ハリーは激怒。マンダンガスに掴みかかりますが、彼は姿くらましして逃げてしまいます。どうやらマンダンガスはグリモールドプレイスから盗んで来た物を売って商売しようとしているようです。
店に入ってもハリーの怒りは消えません。ハーマイオニーがバタービールを買ってきてくれて、マンダンガスのことはダンブルドアに話してどうにかしてもらおうと言ってその場は落ち着きます。
ハリーとハーマイオニーがマンダンガスのことを話している間、ロンは何かを見てボーーっとしてます。ハーマイオニーに何見てるの?と聞かれると別に、と答えて慌てて視線をそらせました。
ロンは店の経営者のマダム・ロスメルタの曲線美に見とれていたのです。そうと気付いたハーマイオニーの機嫌まで悪くなってしまいます。ゾンコのいたずら専門店は閉まってるし、スラグホーンはロンの存在を無視するし、マンダンガスの盗みを発見してしまうし、ロンは女の人に見とれてるし、外の天気は悪いし・・・ホグズミードにいても楽しくない!!と言うことで3人は学校に戻ることにします。
3人はコートを着てマフラーを締め、外に出ます。厳しい風と雪はさっきよりもひどくなっています。ハリーは凍えそうな雪の中を歩きながらジニーのことを考えていました。‘ディーンとジニーは今頃カップルの集まるマダム・プディフットのカフェで寄り添っているんだろうな・・・’
するとハリーたちの前を歩いていたケイティ・ベルと友人のリーニーの声が聞こえてきます。その声はだんだん大きくなり、何か口論をしているようです。
3人がその2人に近付くと、ケイティは何か小さな箱を持っていて、それをリーニーと奪い合っています。ケイティがリーニーの奪い取ったその箱を奪い返したときに箱が地面に落ちて、中に入っていたものが飛び出してきました。

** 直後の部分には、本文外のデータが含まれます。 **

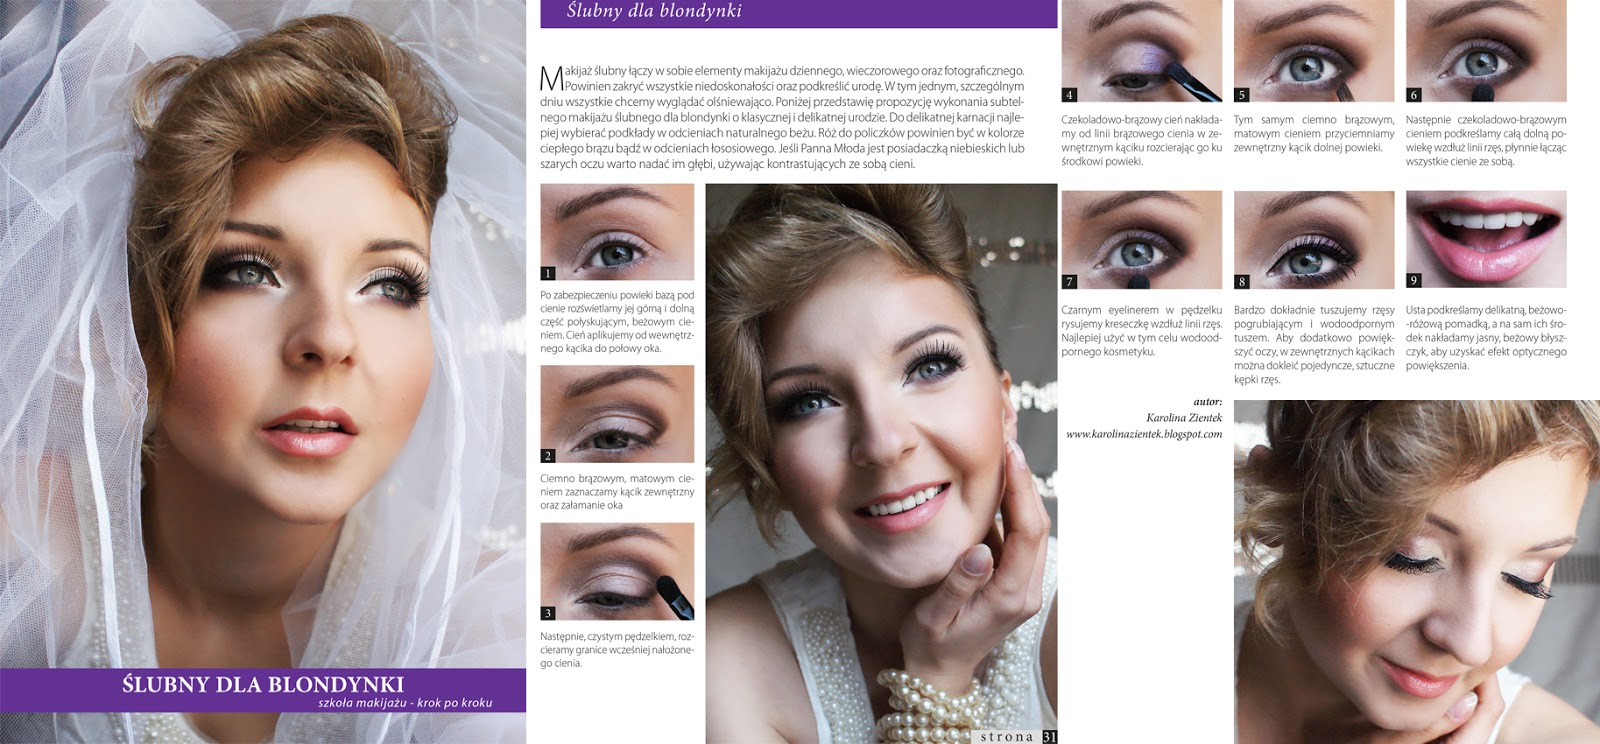 Karolina Zientek Makeup Blog Makijaż ślubny Dla Blondynki

そしてその瞬間、ケイティは宙に浮かび両手を広げてまるで飛び立とうとでもしているような妙な体勢で浮かんでしまいました。彼女の両目は閉じられ、まるで何も感じていないような表情です。ハリー、ロン、ハーマイオニー、そしてリーニーはただ立ちすくんでその様子を見ていました。
その時突然、6フィート上空でケイティが目を見開き、苦しそうに悲鳴をあげ始めました。4人はとにかく彼女を地面に降ろそうと足を掴みますが、ケイティがもがき苦しむので大変です。何とか地面に降ろしたものの、ケイティは悲鳴をあげて苦しみ続けています。

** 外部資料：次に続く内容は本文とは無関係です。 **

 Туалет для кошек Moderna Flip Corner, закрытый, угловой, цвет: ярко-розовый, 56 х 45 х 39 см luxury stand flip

ハリーは助けを呼びに学校に向かいます。途中でハグリッドに会い、彼を連れて急いでみんなのところへ。ハグリッドはケイティの様子を見て何も言わずに彼女を抱きかかえて急いで学校へと走り去って行きました。
ケイティと一緒にいたリーニーの話によると、ケイティは3本の箒でトイレに行き、戻ってくるとその箱を持っていたそうです。箱を学校に持ち帰って誰かに渡すと言うケイティに、リーニーはそんな訳の分からない物は持って帰らないほうがいいと言って2人は口論になり、箱の奪い合いになったそうです。
ハリーは箱から飛び出して地面に落ちた緑色の物を見ました。それは豪華に飾り付けられたオパールのネックレスでした。